A-factor I a microbial hormone that can positively control cell differentiation leading to spore formation and secondary metabolite formation in Streptomyces griseus. to identify a protease that is deeply involved in the morphological and physiological differentiation of Streptomyces, the proteases produced by Streptomyces griseus IFO 13350 and its A-factor deficient mutant strain, Streptomyces griseus HH1, as well as Streptomyces griseus HH1 transformed with the afsA gene were sturdied. In general Streptomyces griseus showed a higher degree of cell growth and protease activity in proportion to its ability to produce a higher amount of A-factor. In particular, the specific activity of the trypsin of Streptomyces griseus IFO 13350 was greatly enhanced more than twice compared with that of Streptomyces griseus HH1 in the later stage of growth. The specific activity of the metalloprotease of Streptomyces griseus HH1 was greatly enhanced more than twice compared with that of Streptomyces griseus IFO 13350, and this observation was reversed in the presence of thiostreptione, However, Streptomyces griseus HH1 transformed with the afsA gene showed a significantly decreased level of trypsin and metalloprotease activity compared with that of the HH1 strain.
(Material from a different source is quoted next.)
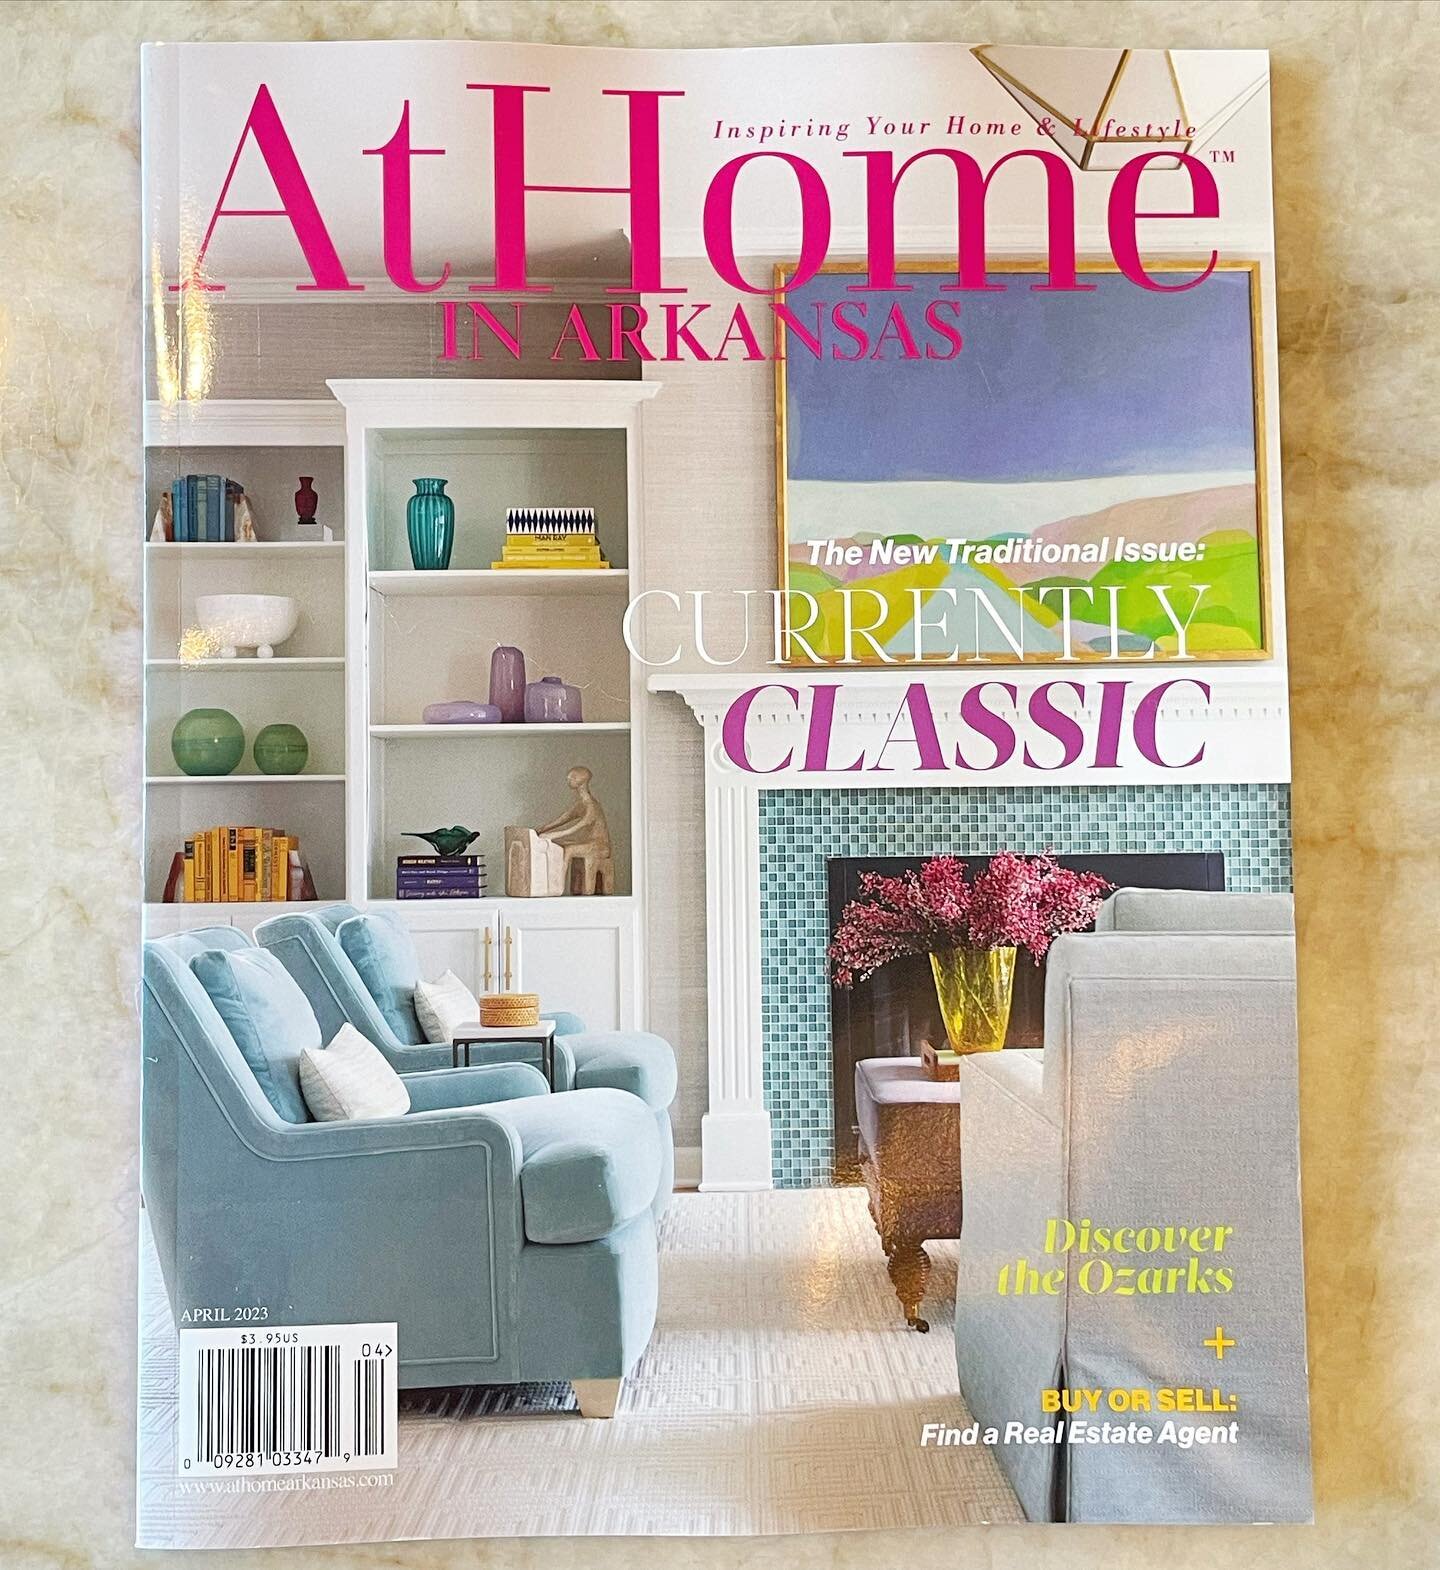 Check out the April issue of @athomearkansas to see one of my latest projects! Sneak peek on the cover ✨

Photography by @rettpeek

There was no significant difference between Streptomyces griseus IFO 13350 and HH1 strain in their chymotrypsin and thiol protease activity, yet the level of leu-amionpeptidase activity was 2 times higher in Streptomyces griseus HH1 than in strain IFO 13350 . Streptomyces griseus HH1 harboring afsA showed a similar level of enzyme activity , however, all the three protease activities sharply increased and the thiol protease activity was critically increased at the end of the fermentation. When a serine protease inhibitor, pefabloc SC, and metalloprotease inhibitor, EDTA, were applied to strain IFO 13350 to examine the in vivo effects of the protease inhibitors on the morpholofical differentiation, the formation of aerial meycelium and spores was delayed by two or three days.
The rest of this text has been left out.